Detecting cycles in an adjacency matrix - matlab

Let A be the adjacency matrix for the graph G = (V,E). A(i,j) = 1 if the nodes i and j are connected with an edge, A(i,j) = 0 otherwise.
My objective is the one of understanding whether G is acyclic or not. A cycle is defined in the following way:
i and j are connected: A(i,j) = 1
j and k are connected: A(j,k) = 1
k and i are connected: A(k,i) = 1
I have implemented a solution which navigates the matrix as follows:
Start from an edge (i,j)
Select the set O of edges which are outgoing from j, i.e., all the 1s in the j-th row of A
Navigate O in a DFS fashion
If one of the paths generated from this navigation leads to the node i, then a cycle is detected
Obviously this solution is very slow, since I have to evaluate all the paths in the matrix. If A is very big, the required overhead is very huge. I was wondering whether there is a way of navigating the adjacency matrix so as to find cycles without using an expensive algorithm such as DFS.
I would like to implement my solution in MATLAB.
Thanks in advance,
Eleanore.

I came across this question when answering this math.stackexchange question. For future readers, I feel like I need to point out (as others have already) that Danil Asotsky's answer is incorrect, and provide an alternative approach. The theorem Danil is referring to is that the (i,j) entry of A^k counts the number of walks of length k from i to j in G. The key thing here is that a walk is allowed to repeat vertices. So even if a diagonal entries of A^k is positive, each walk the entry is counting may contain repeated vertices, and so wouldn't count as a cycle.
Counterexample: A path of length 4 would contain a 4-cycle according to Danil's answer (not to mention that the answer would imply P=NP because it would solve the Hamilton cycle problem).
Anyways, here is another approach. A graph is acyclic if and only if it is a forest, i.e., it has c components and exactly n-c edges, where n is the number of vertices. Fortunately, there is a way to calculate the number of components using the Laplacian matrix L, which is obtained by replacing the (i,i) entry of -A with the sum of entries in row i of A (i.e., the degree of vertex labeled i). Then it is known that the number of components of G is n-rank(L) (i.e., the multiplicity of 0 as an eigenvalue of L).
So G has a cycle if and only if the number of edges is at least n-(n-rank(L))+1. On the other hand, by the handshaking lemma, the number of edges is exactly half of trace(L). So:
G is acyclic if and only if 0.5*trace(L)=rank(L). Equivalently, G has a cycle if and only if 0.5*trace(L) >= rank(L)+1.

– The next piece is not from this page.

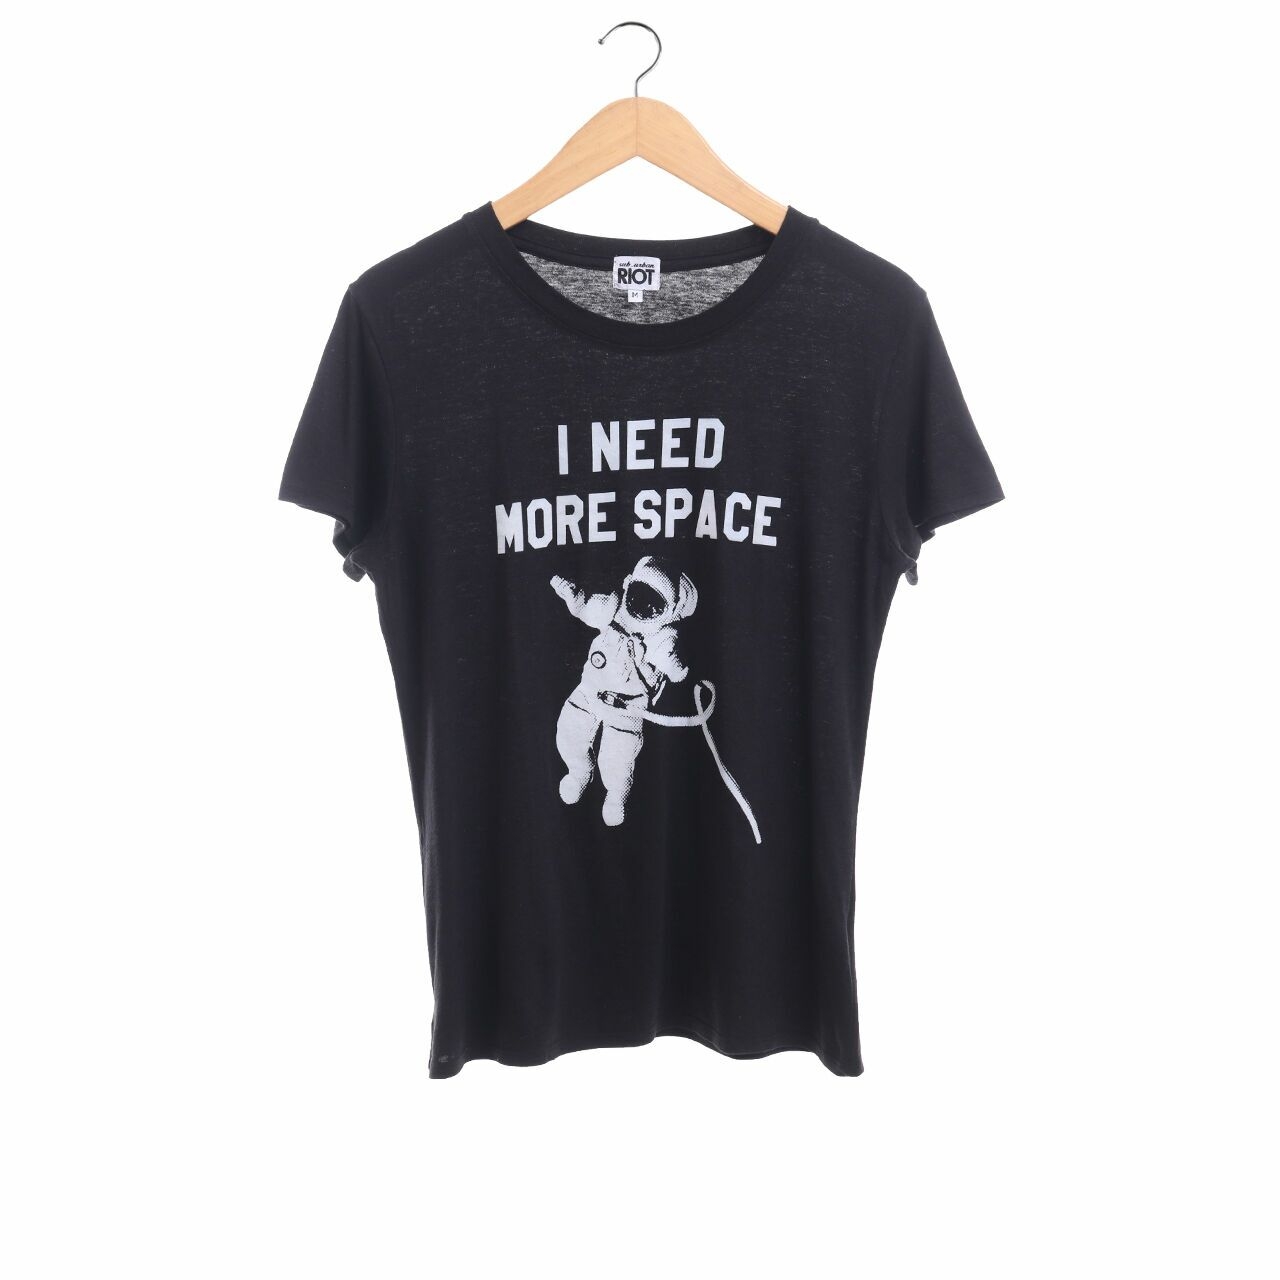 Sub Urban Riot "I Need More Space" Black T-Shirt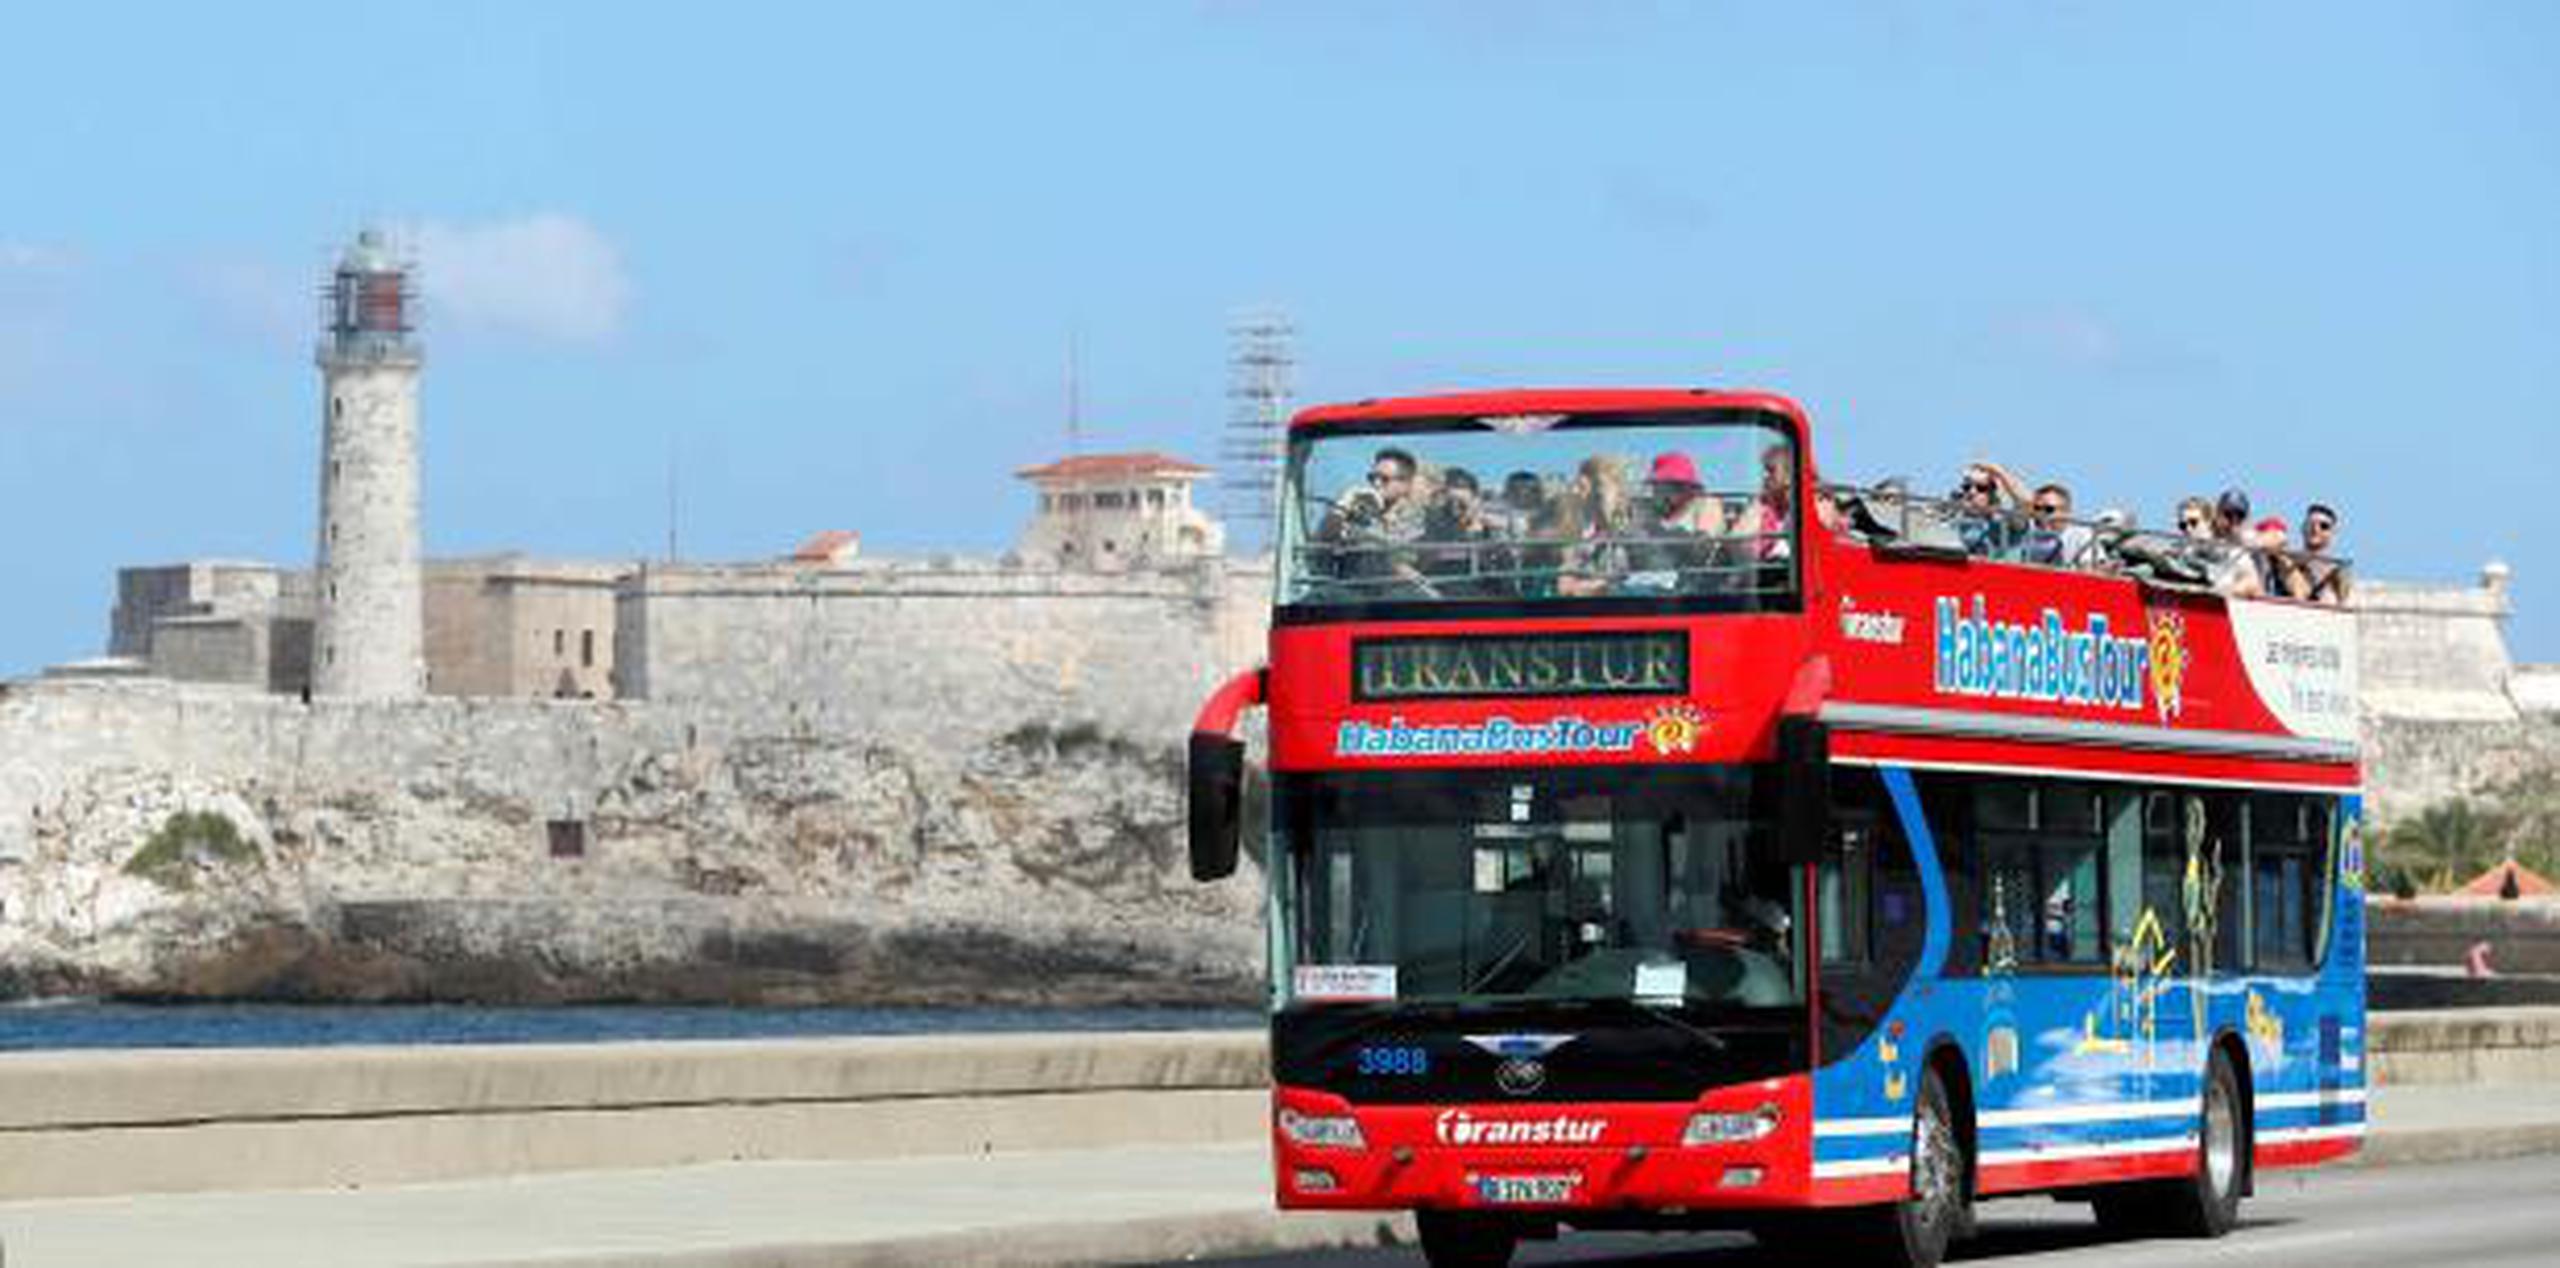 La regulación de Estados Unidos prohíbe a los estadounidenses hacer viajes de turismo a Cuba. (Archivo)

Based on the observation of Danil, you need to compute A^n, a slightly more efficient way of doing so is
n = size(A,1);
An = A;
for ii = 2:n
An = An * A; % do not re-compute A^n from skratch
if trace(An) ~= 0
fprintf(1, 'got cycles\n');
end
end

If A is the adjacency matrix of the directed or undirected graph G, then the matrix A^n (i.e., the matrix product of n copies of A) has following property: the entry in row i and column j gives the number of (directed or undirected) walks of length n from vertex i to vertex j.
E.g. if for some integer n matrix A^n contain at least one non-zero diagonal entry, than graph has cycle of size n.
Most easy way check for non-zero diagonal elements of matrix is calculate matrix trace(A) = sum(diag(A)) (in our case elements of matrix power will be always non-negative).
Matlab solution can be following:
for n=2:size(A,1)
if trace(A^n) ~= 0
fprintf('Graph contain cycle of size %d', n)
break;
end
end

This approach uses DFS, but is very efficient, because we don't repeat nodes in subsequent DFS's.
High-level approach:
Initialize the values of all the nodes to -1.
Do a DFS from each unexplored node, setting that node's value to that of an auto-incremented value starting from 0.
For these DFS's, update each node's value with previous node's value + i/n^k where that node is the ith child of the previous node and k is the depth explored, skipping already explored nodes (except for checking for a bigger value).
So, an example for n = 10:
0.1 0.11 0.111
j - k - p
0 / \ 0.12
i \ 0.2 l
m
1 1.1
q - o
...
You can also use i/branching factor+1 for each node to reduce the significant digits of the numbers, but that requires additional calculation to determine.
So above we did a DFS from i, which had 2 children j and m. m had no children, j had 2 children, .... Then we finished with i and started another DFS from the next unexplored node q.
Whenever you encounter a bigger value, you know that a cycle occurred.
Complexity:
You check every node at most once, and at every node you do n checks, so complexity is O(n^2), which is the same as looking at every entry in the matrix once (which you can't do much better than).
Note:
I'll also just note that an adjacency list will probably be faster than an adjacency matrix unless it's a very dense graph.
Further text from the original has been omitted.